Total RNA was extracted by using RNAzol-B in accordance with the manufacturer’s instructions. Sixty microliters of SF, 106 SFCs, or 100 μl of VE2 was mixed with 600 μl of RNAzol-B (400 μl for VE2) and incubated on ice for 5 min. Synovial biopsies (10 to 100 mg) were placed directly into 400 to 800 μl of RNAzol-B and homogenized thoroughly. Negative control extractions of equal volumes of fresh maintenance medium were performed in parallel with each batch of specimens. One-fifth volume (120 μl) of chloroform was added, mixed, incubated on ice for 5 min, and then centrifuged at 10,500 × g for 20 min. The aqueous phase was transferred to a new tube. Three microliters of linear acrylamide (25 mg/ml) and an equal volume of isopropanol were added, mixed, and placed at −20°C overnight to precipitate RNA. Samples were then centrifuged at 10,500 × g for 20 min, and the pellet was washed once with 75% (vol/vol) ethanol, vacuum dried, and stored at −70°C until tested. Prior to RT-PCR analysis, the pellets were dissolved in 22 μl of molecular biology grade water.
Detection of RV RNA by RT-PCR.
RV RNA was detected by RT-PCR that amplifies a region of the E1 open reading frame of the RV genome (6). Sterile water reagent blanks, high and low positive controls, and strict precautions to prevent contamination of PCR mixtures were employed (6). This method was shown to be specific for RV RNA and is sufficiently sensitive to detect 0.1 50% tissue culture-infective dose of RV or 14 to 20 genome equivalents. No loss of sensitivity was observed when titrations of RV diluted in SF were tested in parallel with dilutions in maintenance medium. In addition, RV RNA was detected in RV-spiked SF after incubation for 24 and 48 h at both 4°C and room temperature (7).
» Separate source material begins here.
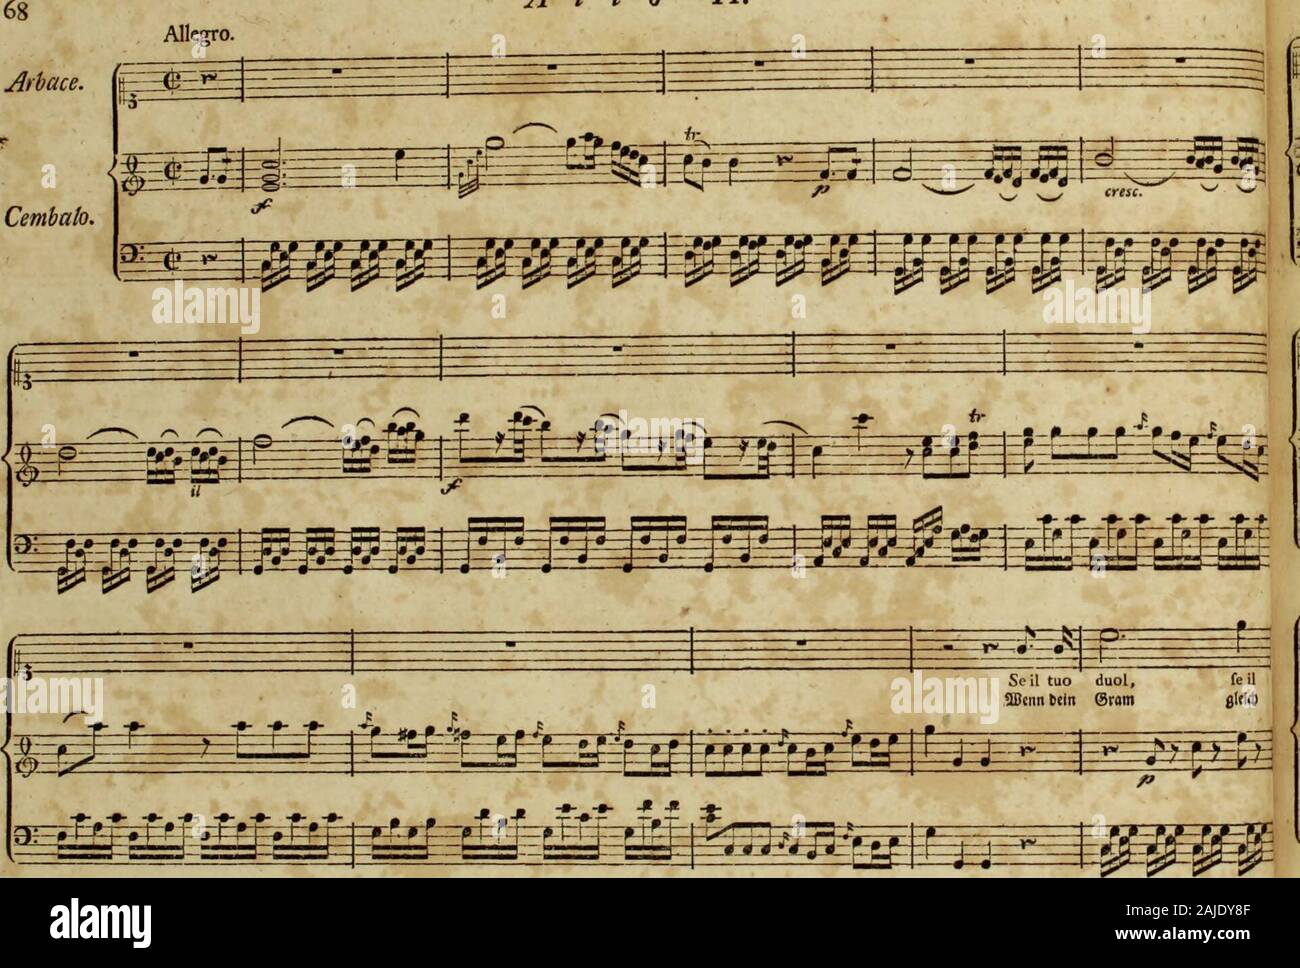 Idomeneo, Rè di Creta : Opera seria in tre Atti (K.366) = Indomeneus König von Creta : ernsthafte Oper in drey Aufzügen im Klavierauszuge . Ts ^======^——^—=^==:^^^=  j , ^—1   j- I^^B^^Si^^fe^^^^^ *ES£:!i ^^^iftipi^r^^isii R o A t t o II.. S rp r-ggrlr ^*5t ^E^S£ mio me/ &lt;ie - C - o sen vo - Us ncn SDunfctcn ta. I;in eil r^ggs=^gg=mm^±&&£ se - ro del te avi tern ^^g^^—p-g^^ ^=«t ^bp C; f? ^JLij4^=ffpg^ BSE Stock Photo

RNA control—detection of coxsackievirus RNA by RT-PCR.
To control for possible loss of RNA during sample processing or the presence of enzymatic inhibitors in SF, approximately 1 50% tissue culture-infective dose of coxsackievirus B3 (CVB3)-infected cell culture supernatant was added to 60 μl of SF prior to RNA extraction; the amount of CVB3 RNA was 10 to 100 times the detection limit of the enterovirus RT-PCR. The same sample was used simultaneously for RV and enterovirus RT-PCRs. CVB3 RNA was detected by using a well-established enterovirus RT-PCR assay (17). Twenty-seven SF samples were tested in this way.
Serological tests for RV-specific IgG and IgM.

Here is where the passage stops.